**Data excerpt**.
↓
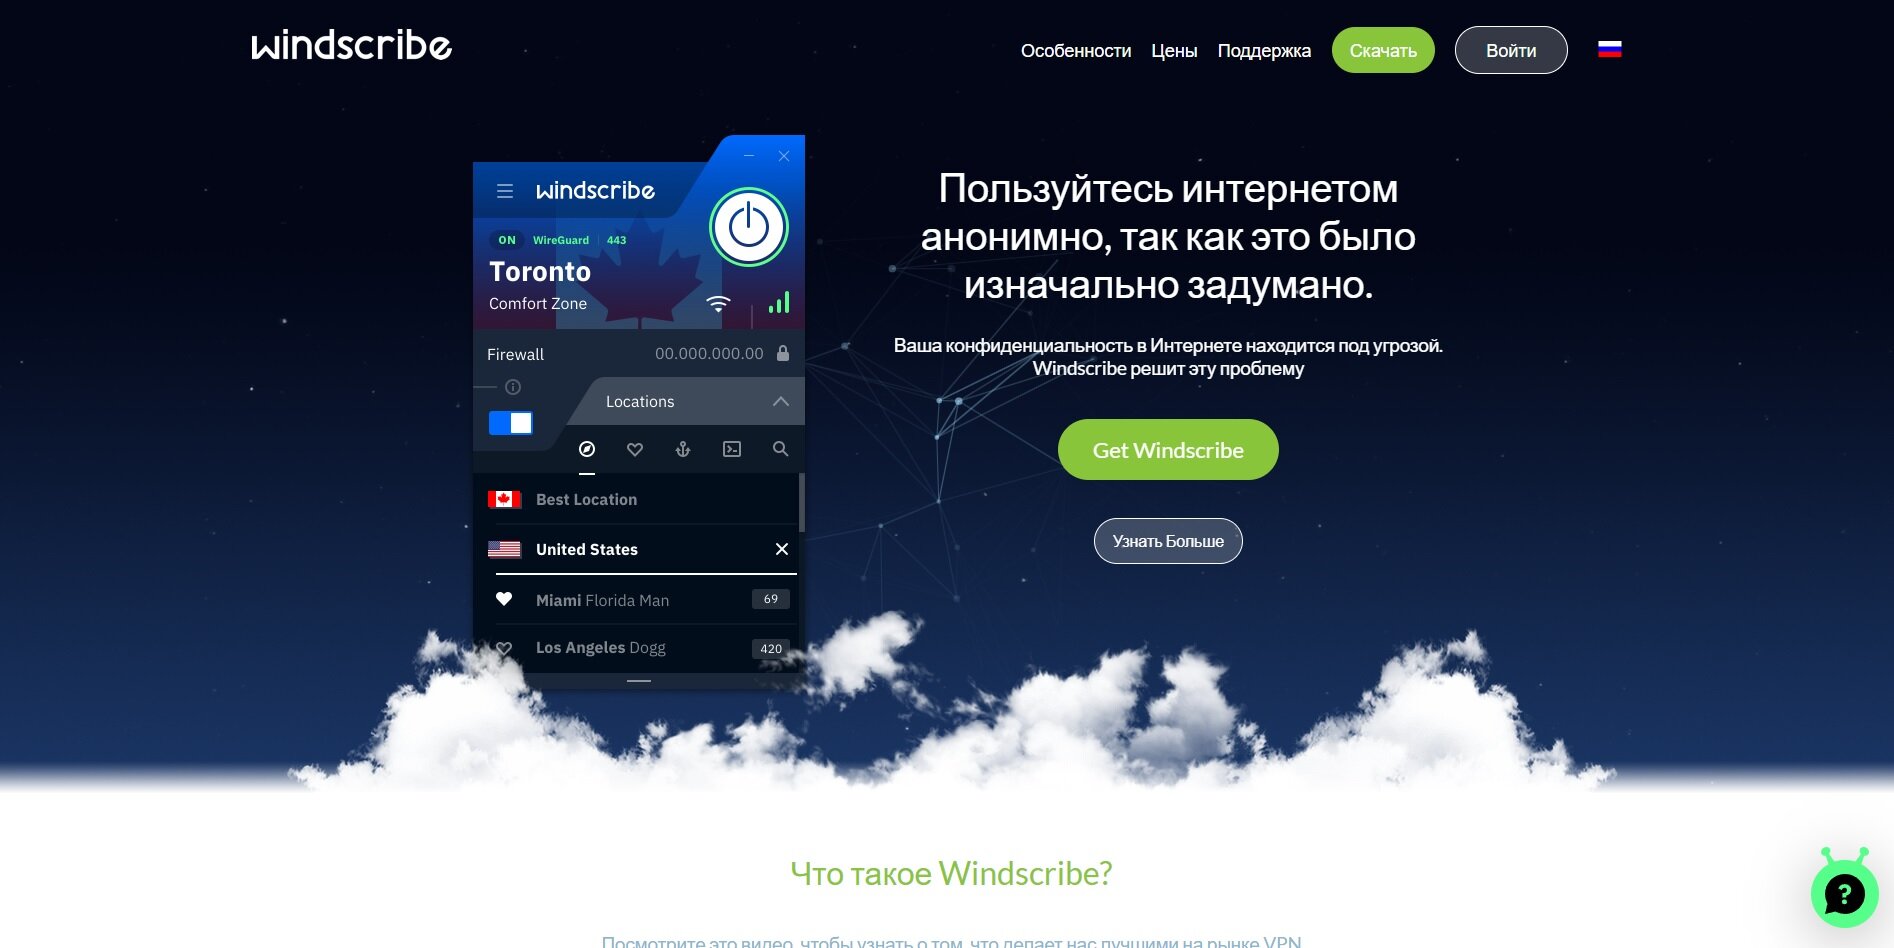 Windscribe.com – Обзор и отзывы о VPN-сервисе
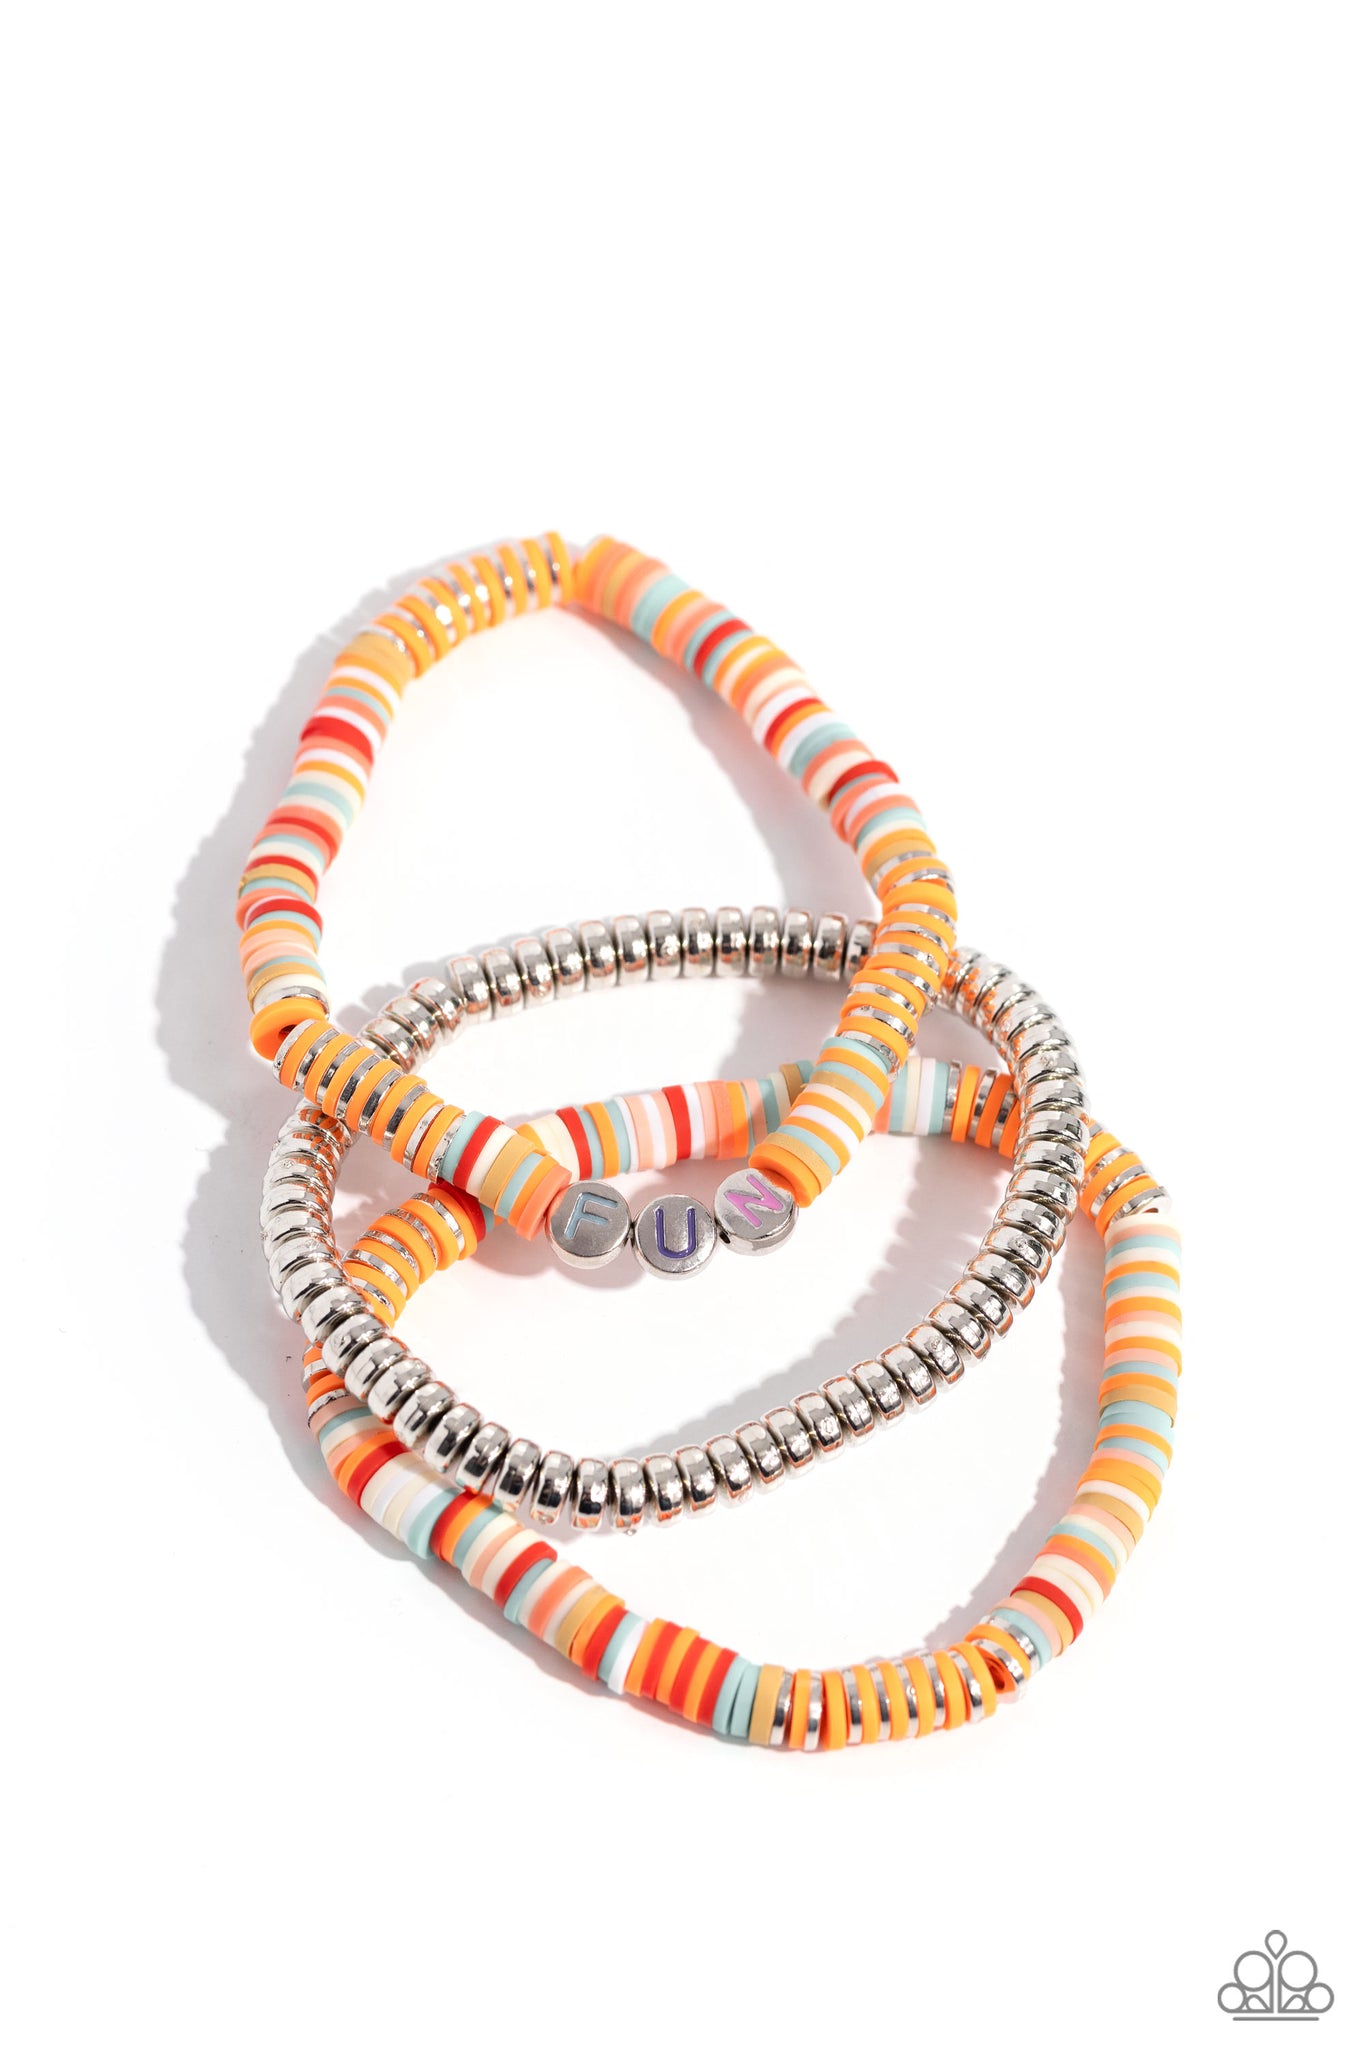 Just for Fun Bracelet (Orange, White)
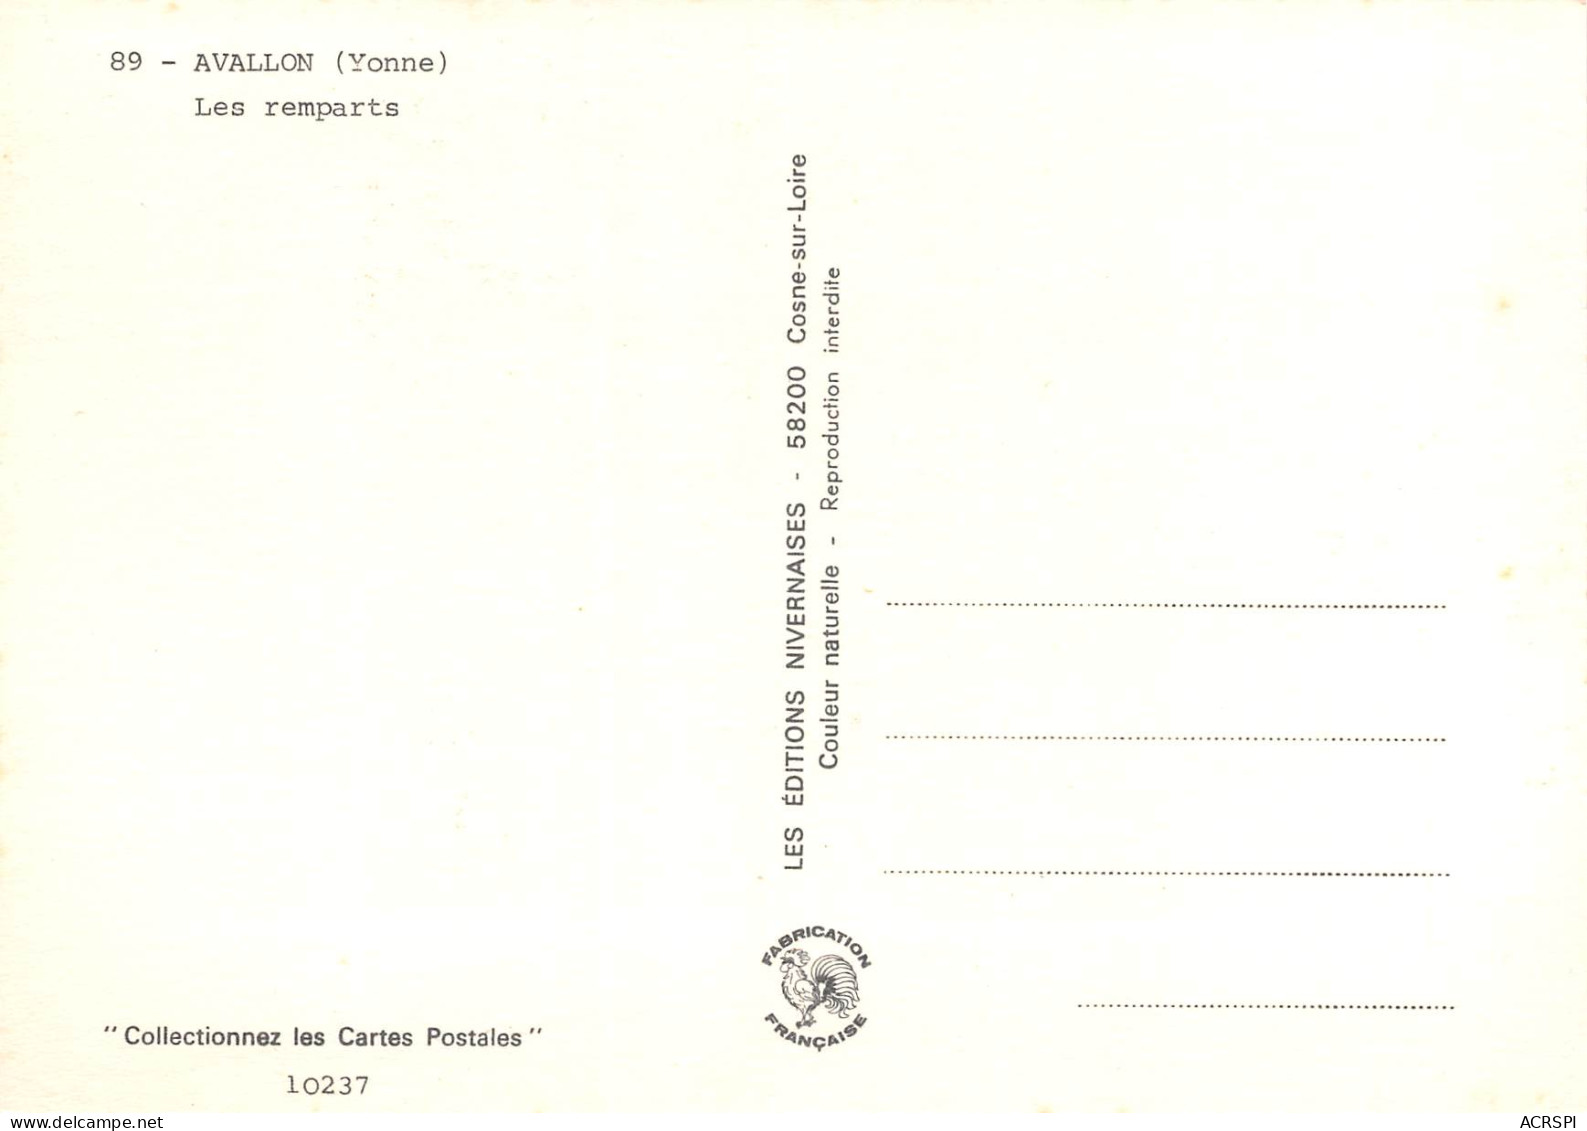 89 AVALLON Les Remparts Échauguette Tour Gaujard Carte Vierge Non Circulé édition Nivernaises (Scans R/V) N° 18 \MO7049 - Avallon
↑
**Goal of the exercise**.
All of the material above must be retyped exactly, line for line, with the images dropped.

**Solution below**.
 Windscribe.com – Обзор и отзывы о VPN-сервисе
 Just for Fun Bracelet (Orange, White)
 89 AVALLON Les Remparts Échauguette Tour Gaujard Carte Vierge Non Circulé édition Nivernaises (Scans R/V) N° 18 \MO7049 - Avallon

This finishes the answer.